Naturally, we need a vector database to store the embeddings of the document chunks. HNSWLib
is good enough for an in-memory storage. In production, you can use pretty much any database you want (I like Milvus).
Finally, we need access to an AI model (OpenAI API) to synthesize the answer from the retrieved document chunk.
How to use a vector database for question answering in JavaScript?

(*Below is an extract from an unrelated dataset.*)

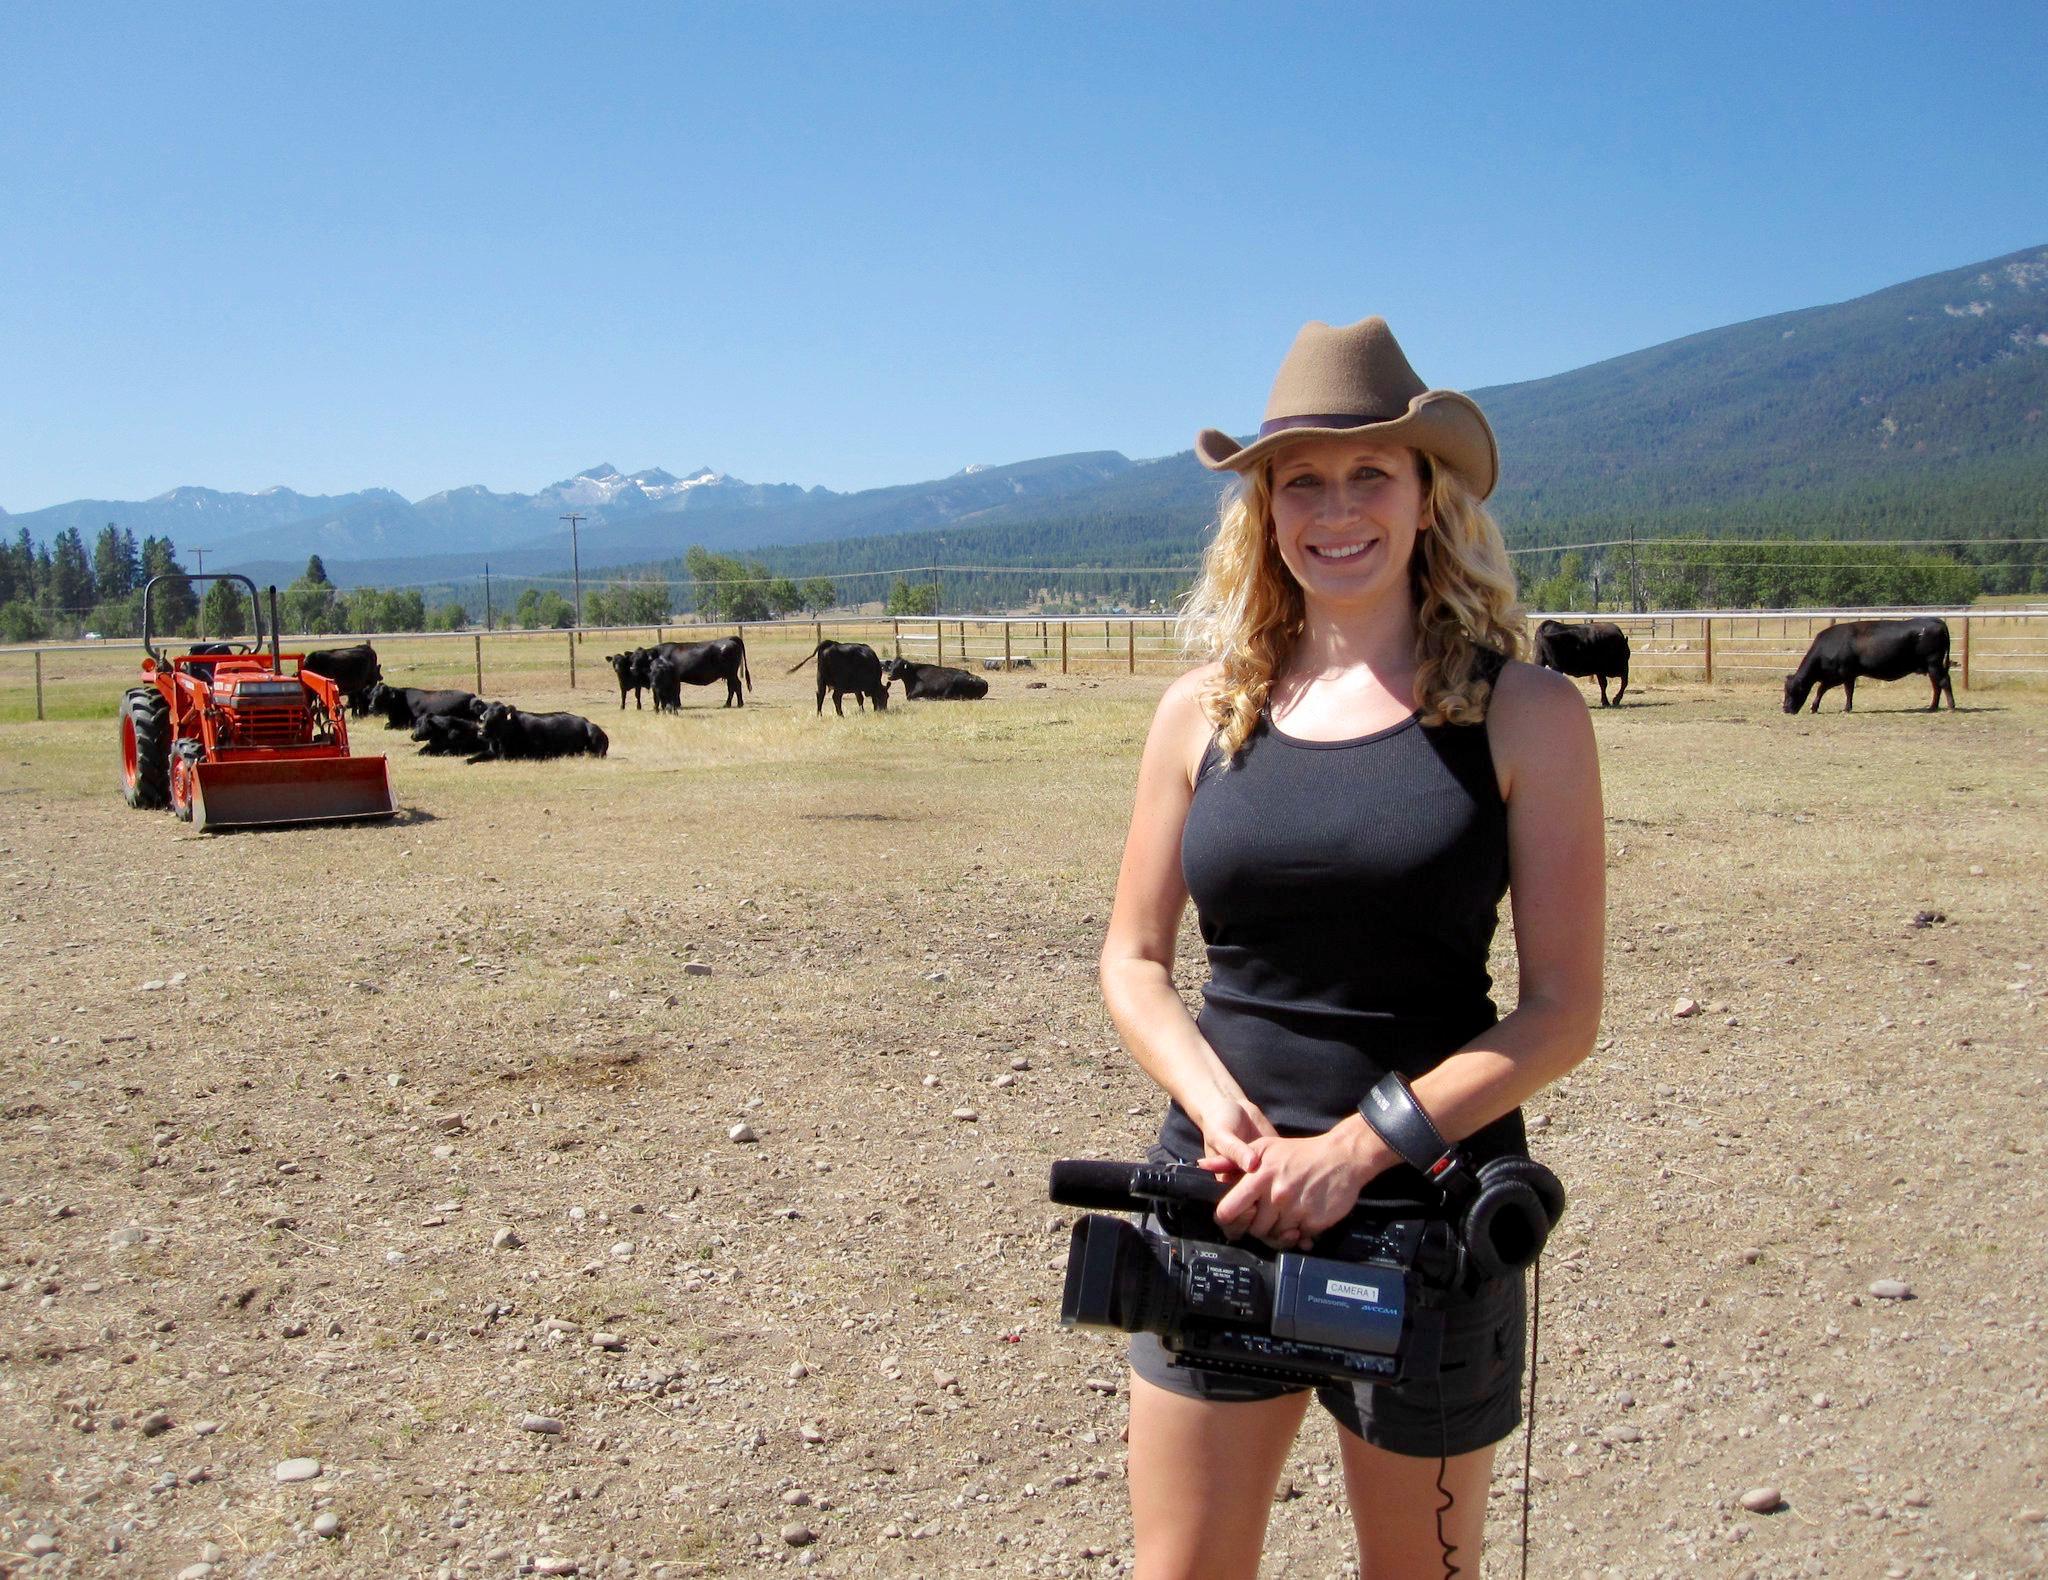 camera cowboy hat

Let’s start with all of the required imports. I load the document from a file stored on the disk, so I use the fs
module.
import { OpenAI } from "langchain/llms/openai";
import { RecursiveCharacterTextSplitter } from "langchain/text_splitter";
import { VectorDBQAChain } from "langchain/chains";
import { HNSWLib } from "langchain/vectorstores/hnswlib";
import { OpenAIEmbeddings } from "langchain/embeddings/openai";
import * as fs from "fs";
We must pass the OpenAI API key to the service to run the code. In the following steps, I assume you have set the OPENAI_API_KEY
environment variable.
Loading documents
The following function loads the article, creates an instance of the splitter, splits the documents into chunks, and puts them (and their embeddings) into the vector database.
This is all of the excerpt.